On Aug. 25, Carrboro Mayor Lydia Lavelle declared Labor Day "Living Wage Day" to promote paying workers fairly. 

Lavelle said Labor Day makes the perfect Living Wage Day because it highlights working traditions. She said the nonprofit organization Orange County Living Wage asked her and other town officials to issue a proclamation focused on the benefits of livable wages.

“Carrboro has had a living wage for a while, so the proclamation was just to increase awareness regarding the importance of having a living wage,” she said.

She said it was important for employers and employees to respect each other in order to have a mutually beneficial environment. 

“By having a living wage, you get a workforce that knows you value them and that is more invested in the jobs they secure,” Lavelle said. “Businesses that have enforced a living wage policy see that employees are more likely to stick around longer.”

Carrboro is a very expensive community and affordability is a persistent issue, Board of Aldermen member Randee Haven-O’Donnell said. She said she would like to see Carrboro's living wage raised to 15 dollars.

“I’m hoping that the federal minimum wage will go up and that more communities become inspired by what Carrboro’s community is doing,” she said.

O'Donnell said city representatives must be able to serve both those who suffer from poverty and those who live below the median income. 

Many Carrboro families work full-time jobs or sometimes multiple jobs to try and make ends meet, said Susan Romaine, steering committee chair for Orange County Living Wage.

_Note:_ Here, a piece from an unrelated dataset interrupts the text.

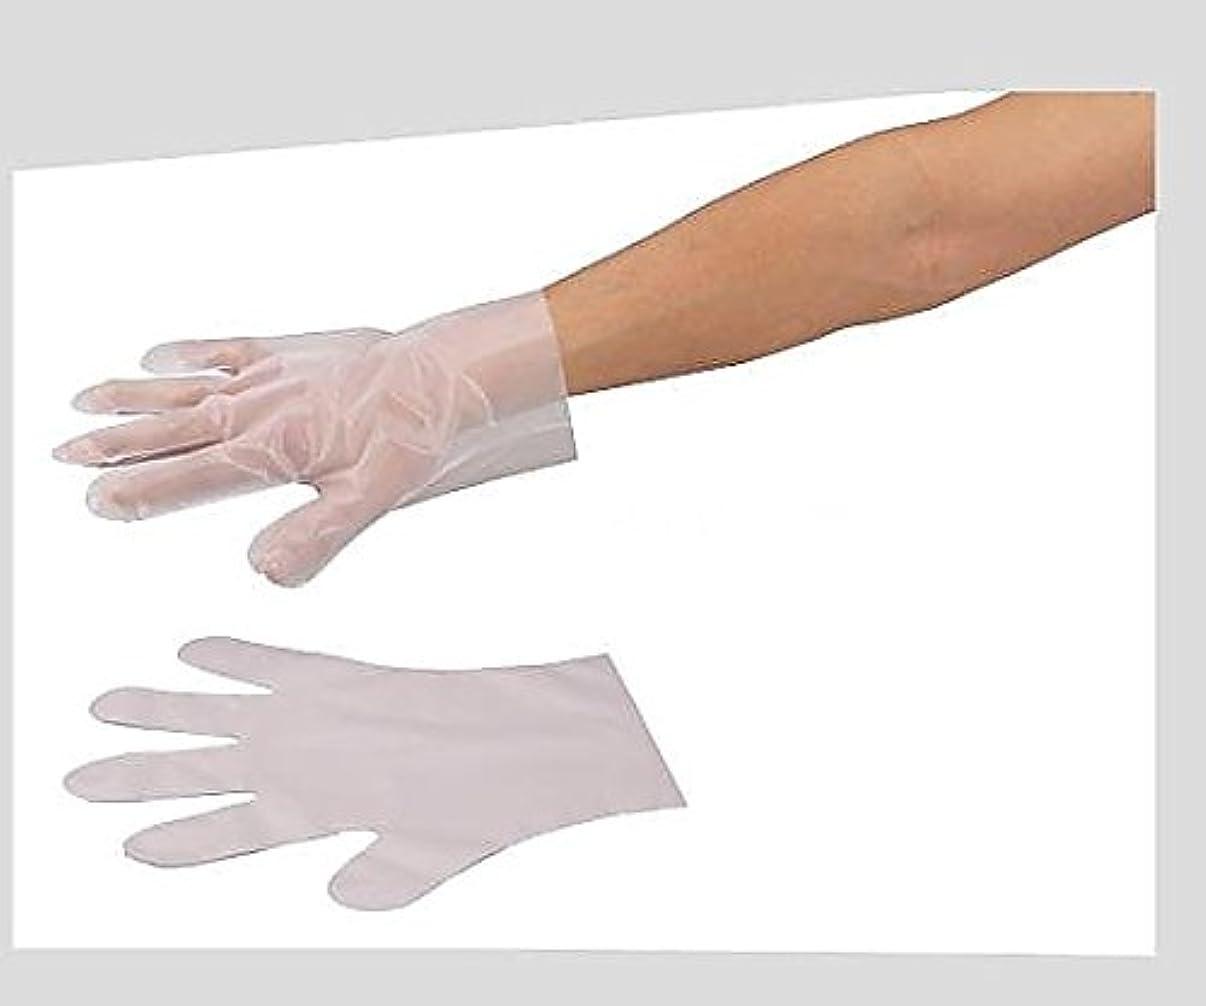 壁紙大洪水請求書アズワン6-896-02サニメント手袋(PE厚手タイプ)エンボス付M100枚入

“Many of them are making close to minimum wage and it’s always bothered me that people can be working their hardest, yet still need to rely so heavily on supplemental food,” Romaine said. “We as a community firmly believe that working families should be able to provide for their basic needs such as food, clothes, transportation and childcare.”

Romaine said publicizing which businesses have implemented a living wage policy will not only promote awareness, but also support those employers. 

“We are trying to create more awareness about those businesses in the community that have stepped up and are now paying their full-time employees a living wage,” Romaine said. "The idea being that these employers are doing such a great service to the community and we need to support those employers by bringing them customers.”